PROBLEM TO SOLVE
The answer is the line containing "సర్వకార్యసిద్దికి రామాయణ పారాయణ" plus every line after it to the end of the material, retyped exactly and without the pictures.

INFORMATION SUPPLIED
========================================
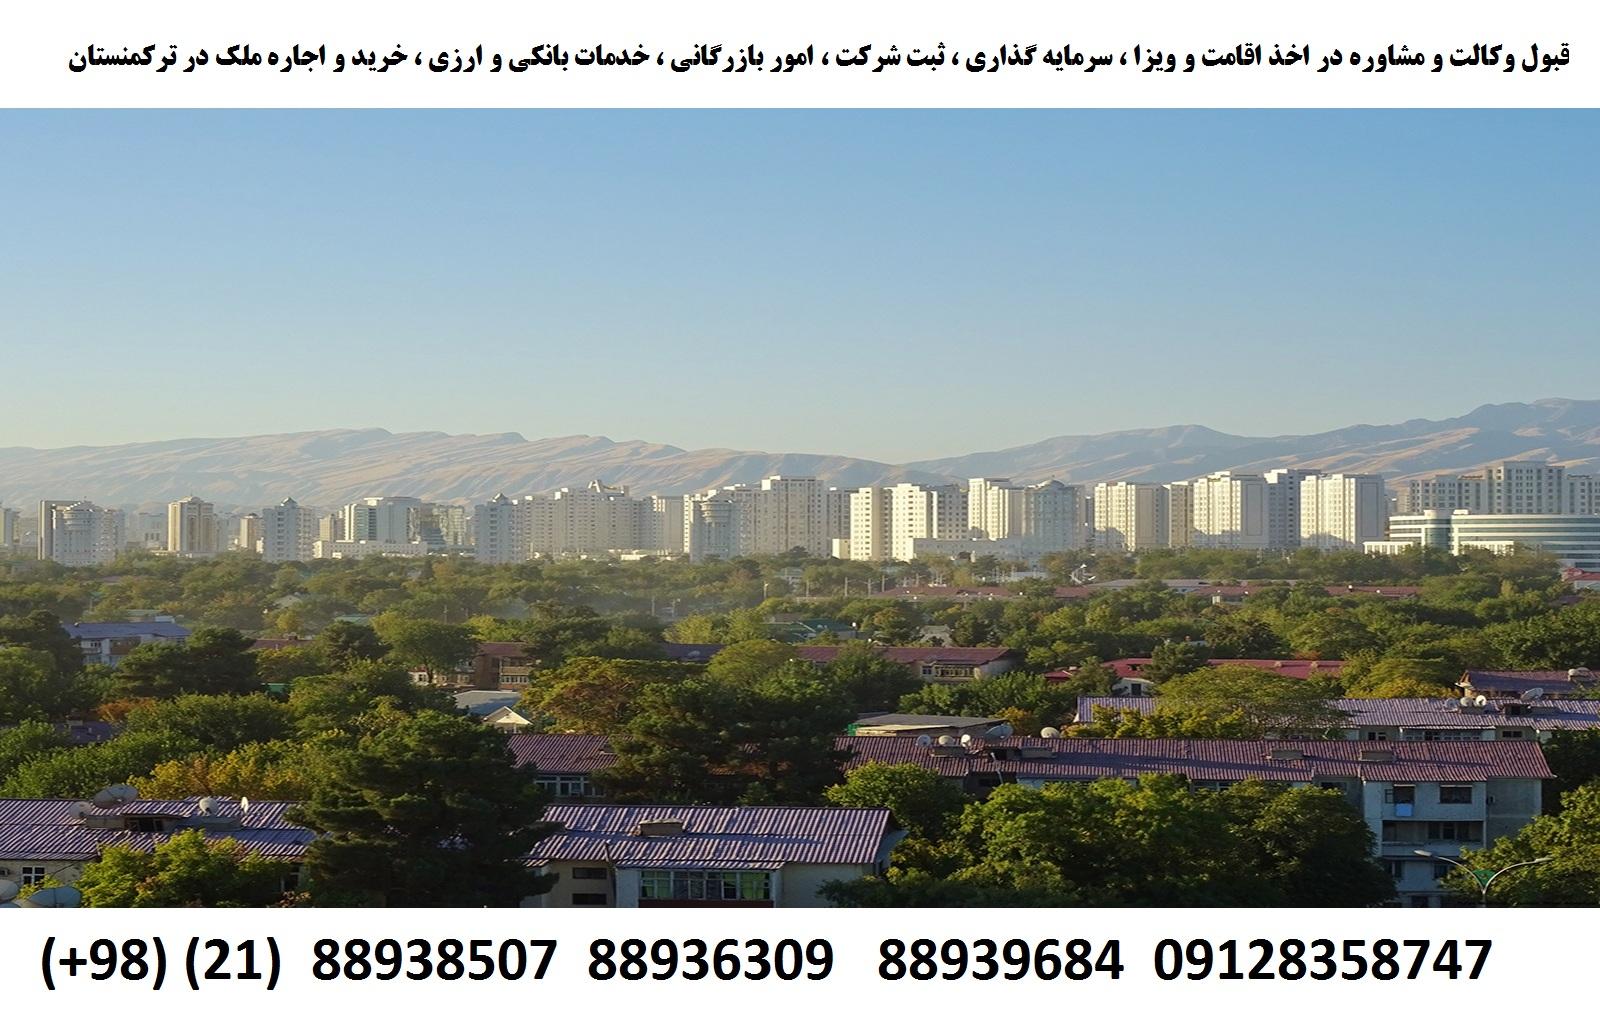 اقامت ، ویزا ، ثبت شرکت ، سرمایه گذاری در ترکمنستان (5)
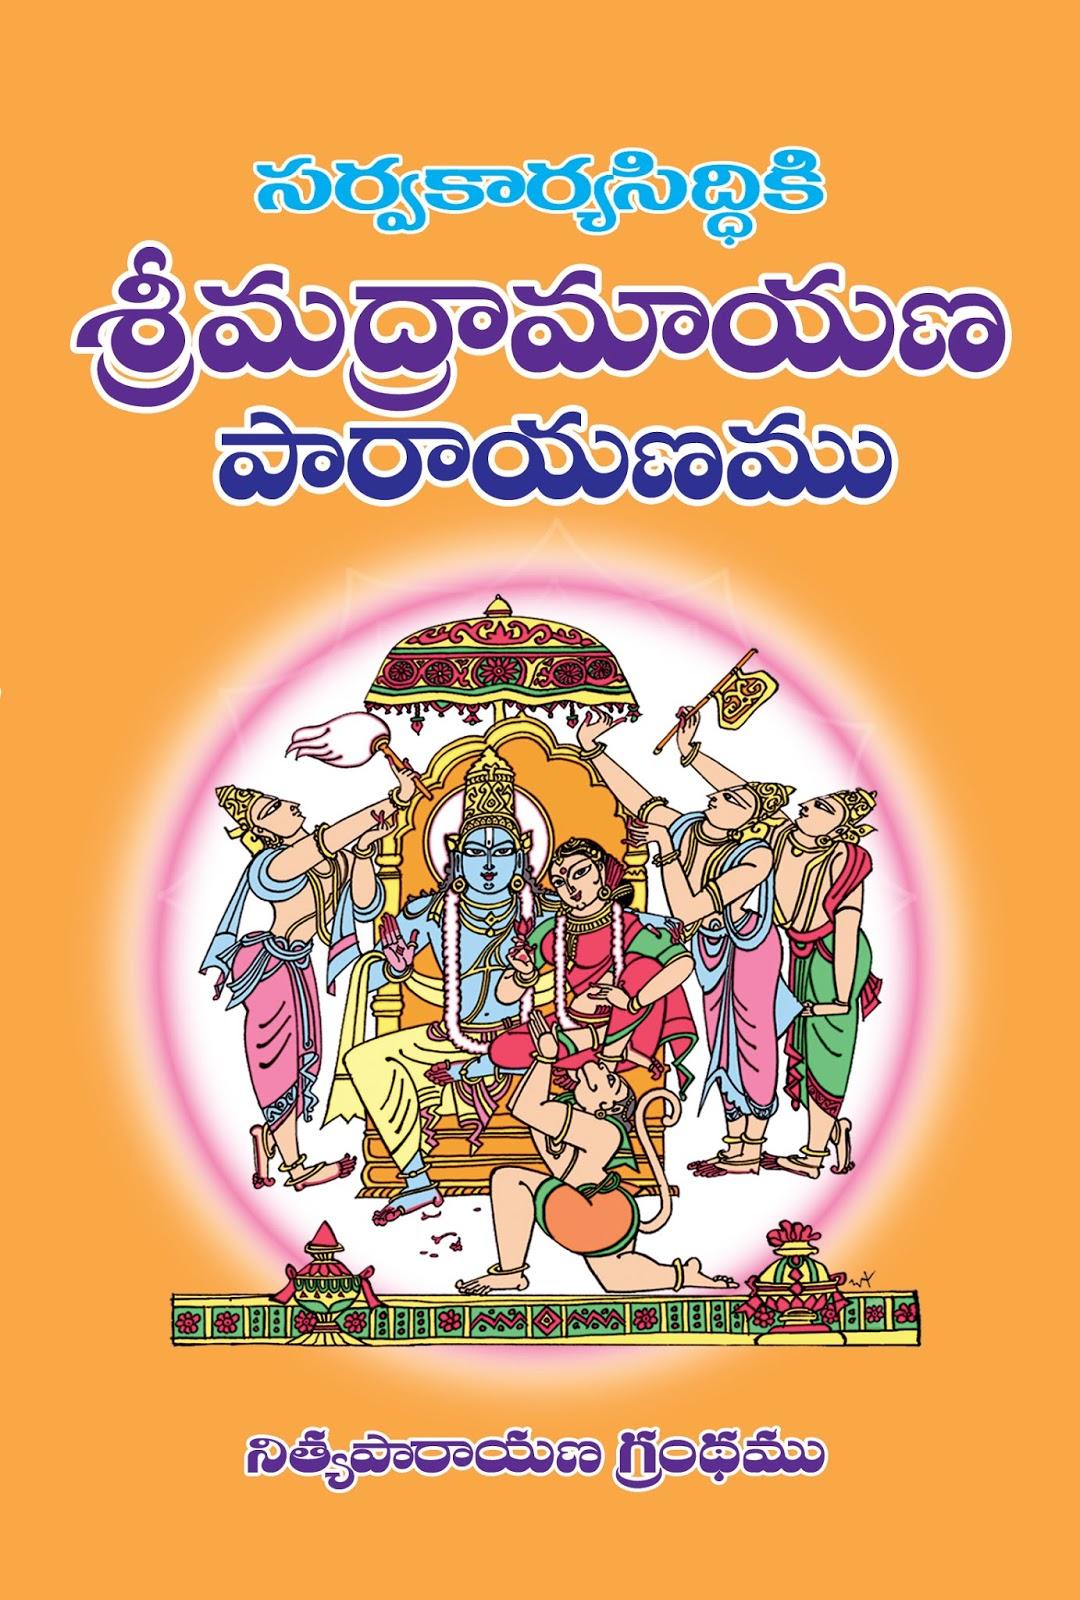 సర్వకార్యసిద్దికి రామాయణ పారాయణ | Sarvakaryasiddiki Ramayana Parayana | GRANTHANIDHI | MOHANPUBLICATIONS | bhaktibooks
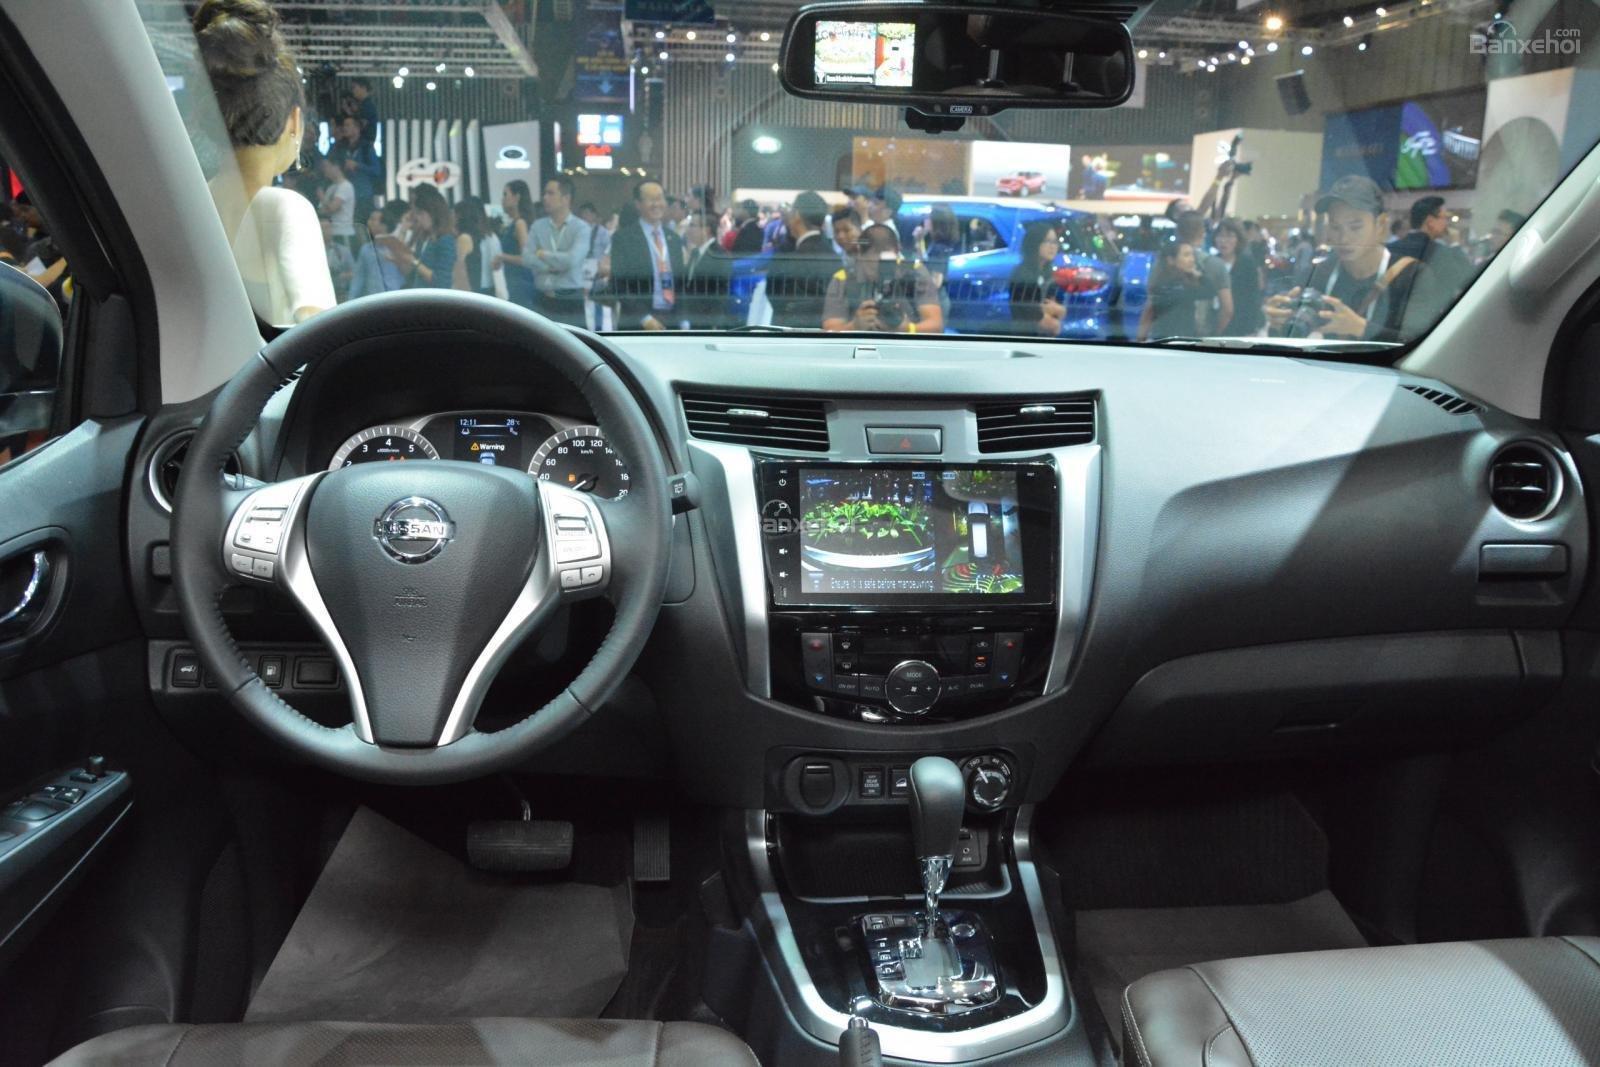 So sánh xe Chevrolet Trailblazer 2019 và Nissan Terra 2019 về nội thất 2
========================================
RESPONSE TO THIS TASK
 సర్వకార్యసిద్దికి రామాయణ పారాయణ | Sarvakaryasiddiki Ramayana Parayana | GRANTHANIDHI | MOHANPUBLICATIONS | bhaktibooks
 So sánh xe Chevrolet Trailblazer 2019 và Nissan Terra 2019 về nội thất 2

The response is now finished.